He was a celebrated poet in his time who was exiled by the Roman emperor, Augustine, to Tomis, a Black Sea port on a remote portion of the Roman Empire (Kenney 1).
Another Roman poet was Gaius Valerius Catullus who was known for translating works by Sappho and writing poetry dedicated to his two lovers, Juventius, his boyfriend, and Clodia, a married woman accused of killing her husband during her affair with Catullus.
Clodia’s name in verse was Lesbia and the poems depict his feelings for her, but also how he criticized her immorality and infidelity (Bocquey 1).
Sextus Propertius was a Roman poet whose only surviving work consists of four books of couplets that are love poems dedicated to his mistress of lower social status, Cynthia. He is recognized for allowing his predominantly male audience to have a good glimpse into his romantic relationship with Cynthia (Cook 1).
II: Medieval Period
As time progressed, more poets emerged in Italy including Guido Cavalcanti and Petrarch. Guido Cavalcanti was best known for publishing Canzone (A lady asks me).
Cavalcanti was friends with a significant literary figure, Dante Aligheri, and Dante was said to have thought of him as the father of modern love poetry (Ruud n. pag.)
Petrarch was known for writing love poems dedicated to a woman he allegedly encountered in a church in Avignon on Good Friday of 1327. From 1327 on he began writing poetry dedicated to this woman and his Canzoniere (Scattered Rhyme) represented his great love for the woman in a collection of 366 lyric poems.
What is significant about this work is his use of the sonnet which became more popular after this work was published. His poems focused on the sexual frustration he experienced from never being able to be alone with the woman, Laura, and the emotions he expressed stemming from this great love (Ruud n. pag).
However, Italy did not produce all of the great poets of this period.
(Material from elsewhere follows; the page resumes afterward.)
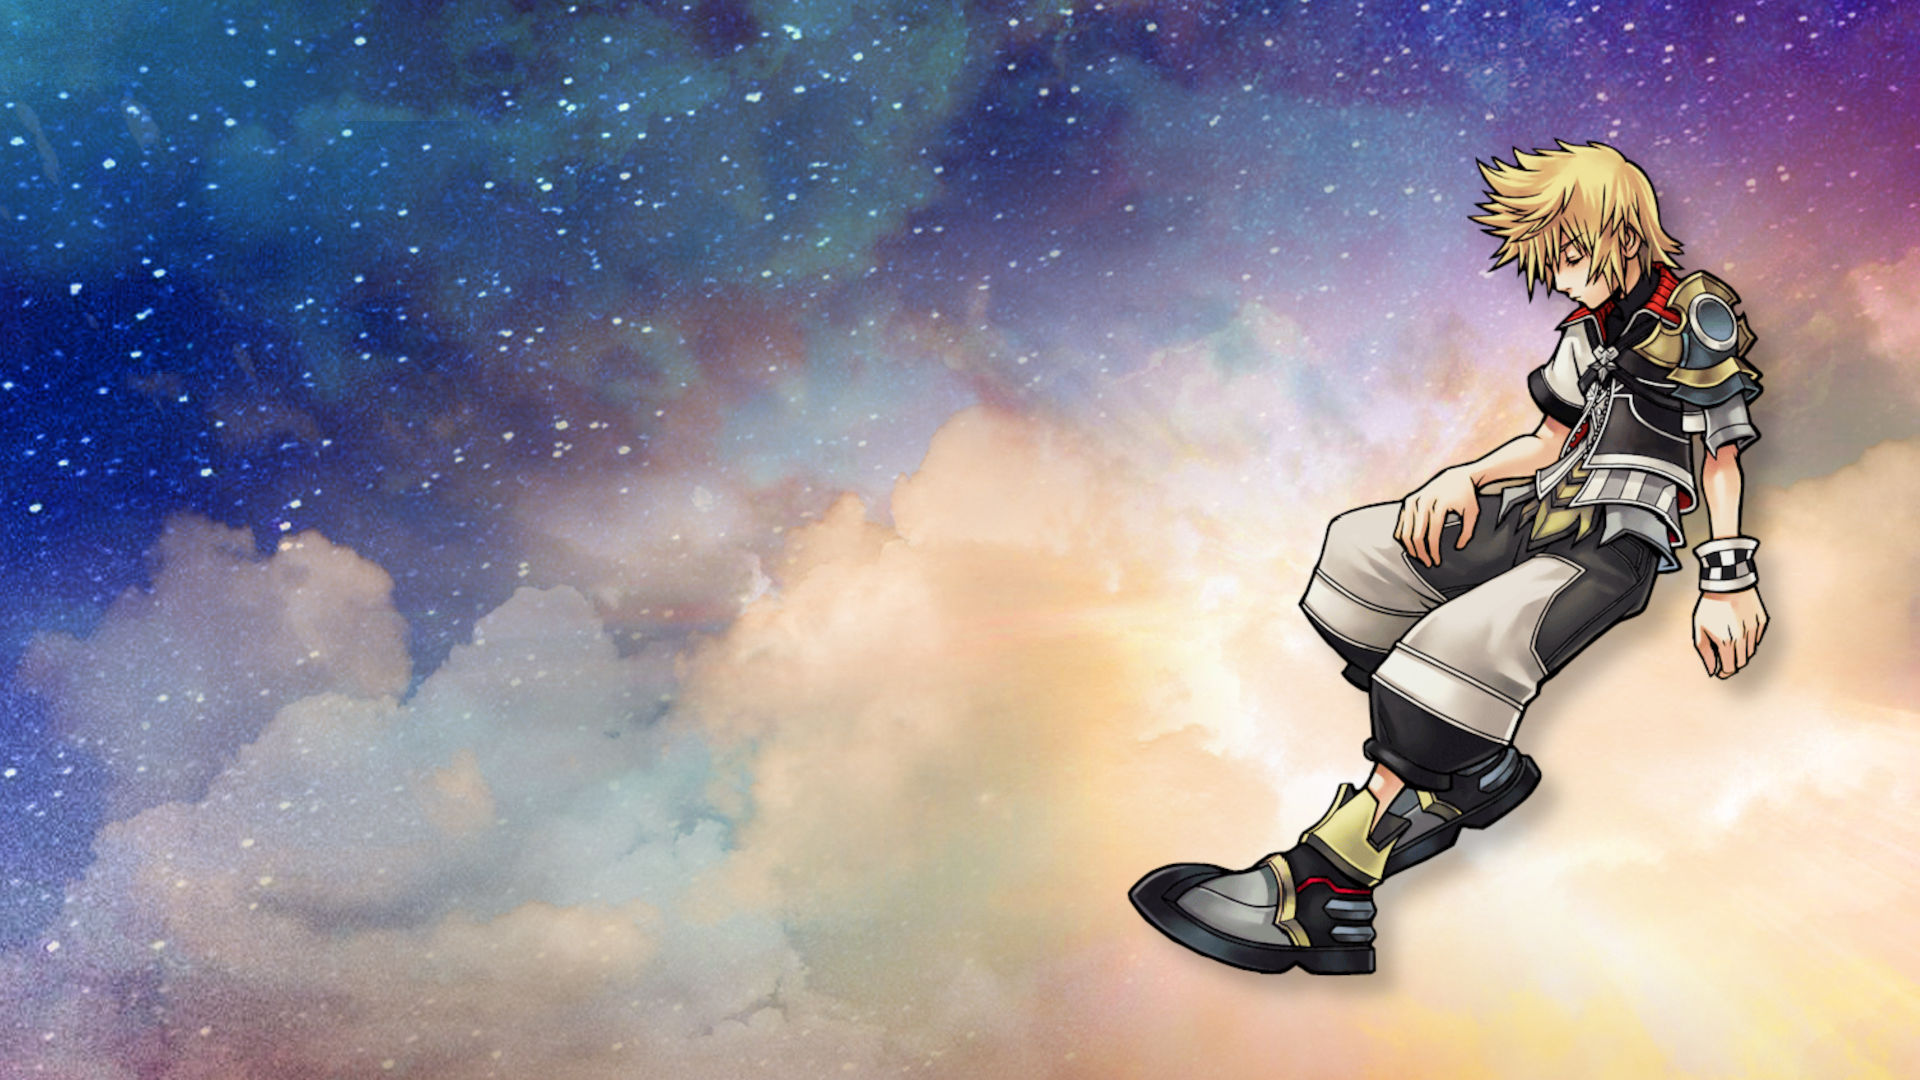 40 Kingdom Hearts III HD Wallpapers and Backgrounds

Geoffrey Chaucer, a British poet best known for publishing The Canterbury Tales, was also known for depicting the love between Troilus and Criseyde in Troilus and Criseyde which was based on Boccaccio’s Teseida.
Chaucer is considered to be the father of English literature and for making English a more accepted language in literature (Ruud n. pag).
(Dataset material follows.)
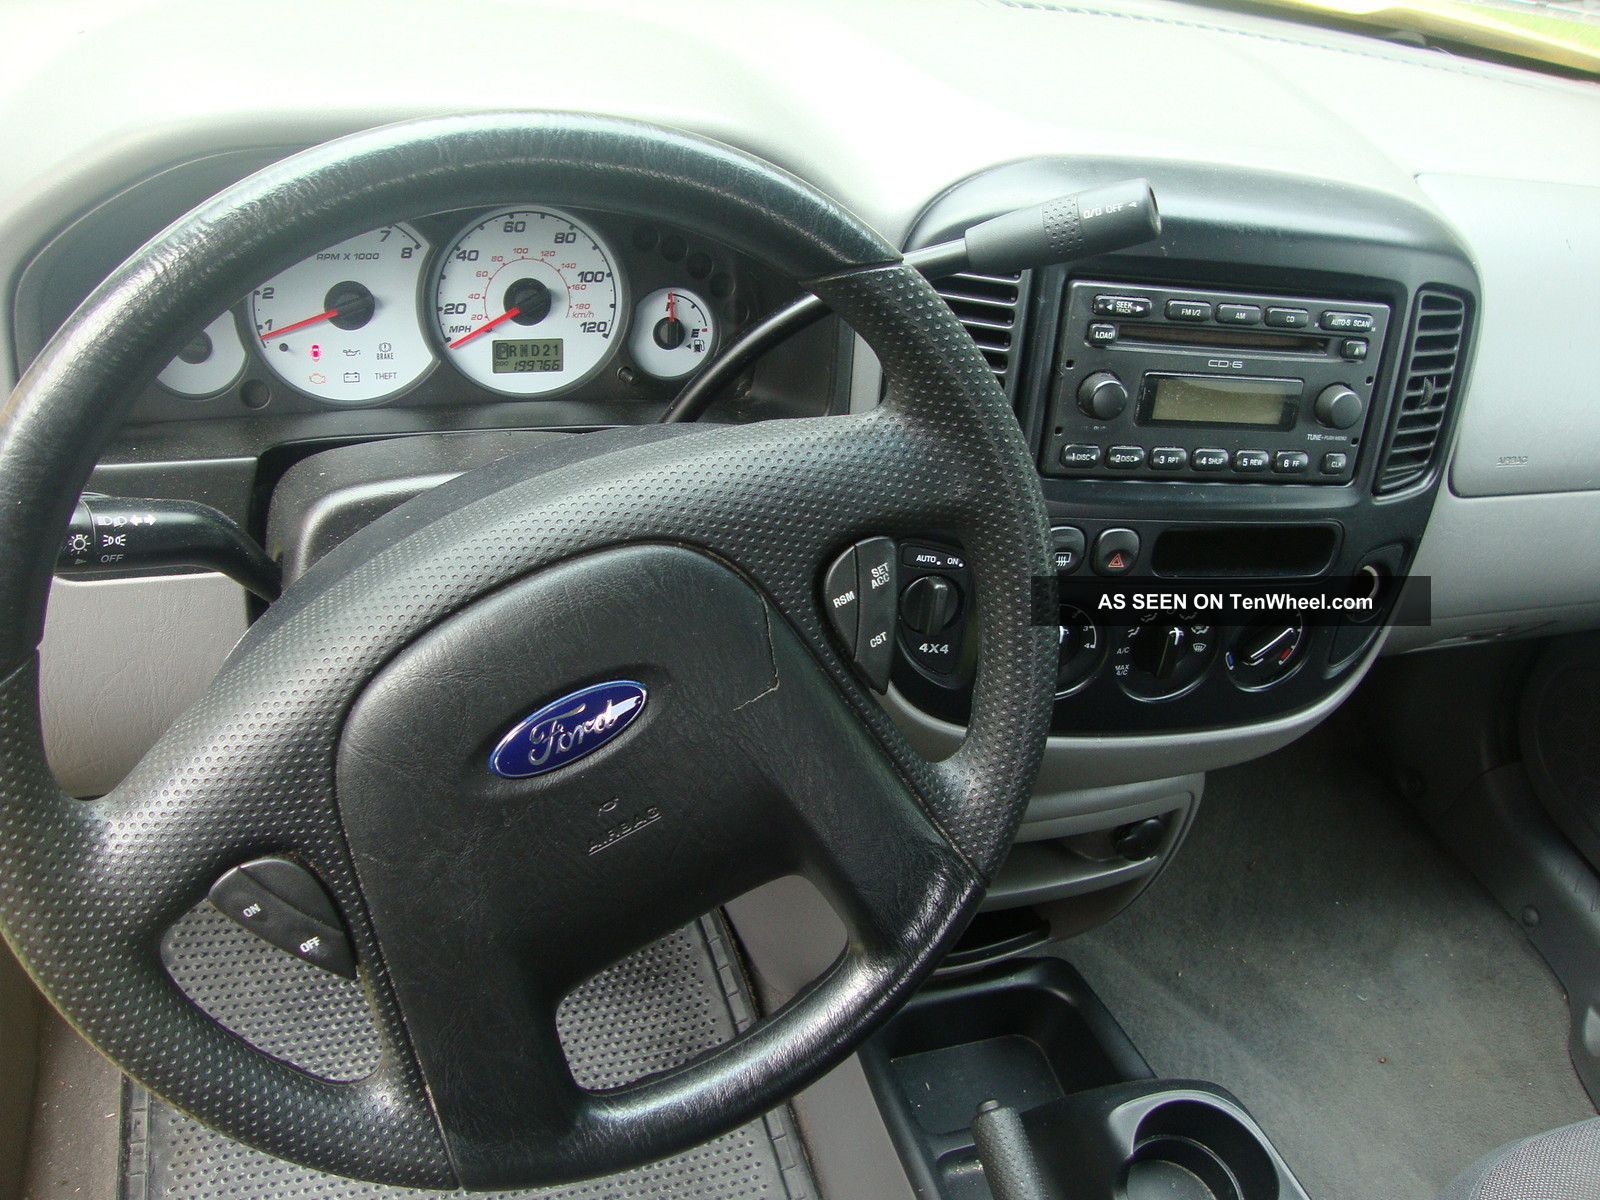 2001 Ford escape xlt suv specs #3

During this same period, a Welsh poet, Dafydd ap Gwilym, was making great contributions to the Welsh literary tradition. Dafydd has been credited with writing over a hundred love poems about the pursuit of love, its successes and failures, and the moods of being in love.
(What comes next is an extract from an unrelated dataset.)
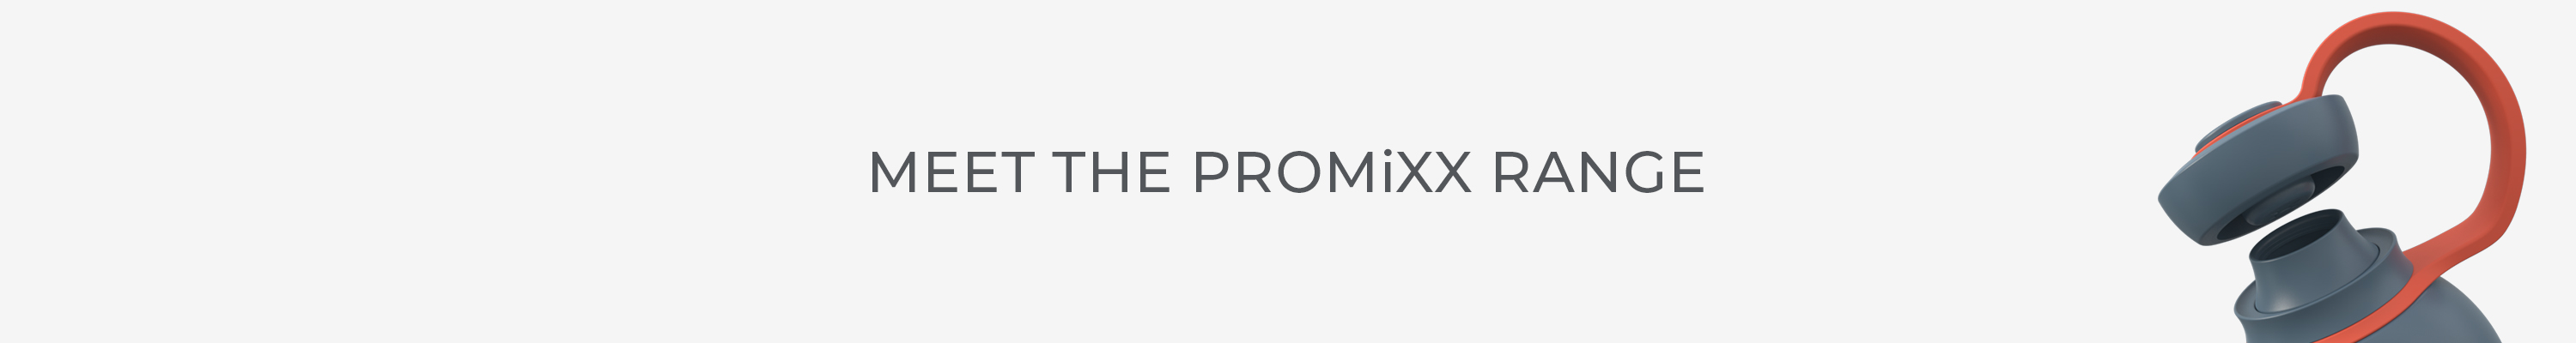 meet the PROMiXX range, text with an image of the PROMiXX FORM lid partially open

Throughout his poems, Dafydd praised women on their body parts and hardly ever on their dress, jewelry, or superficial appearance.
III: Sixteenth Century
The first major Italian poet of this period was Ludovico Ariosto who wrote sonnets dedicated to his wife, Alessandra, who he married in 1526.
He was most famous though for his three-volume epic poem, Orlando Innamorato (Orlando in Love), which depicted Orlando’s passion for Angelica and the love affair between Ruggiero and Rinaldo’s sister Bradamante.
In the mid-1500s, a French poet, Maurice Sceve, emerged into fame while only a student when he allegedly discovered the tomb of Petrarch’s Laura in Avignon.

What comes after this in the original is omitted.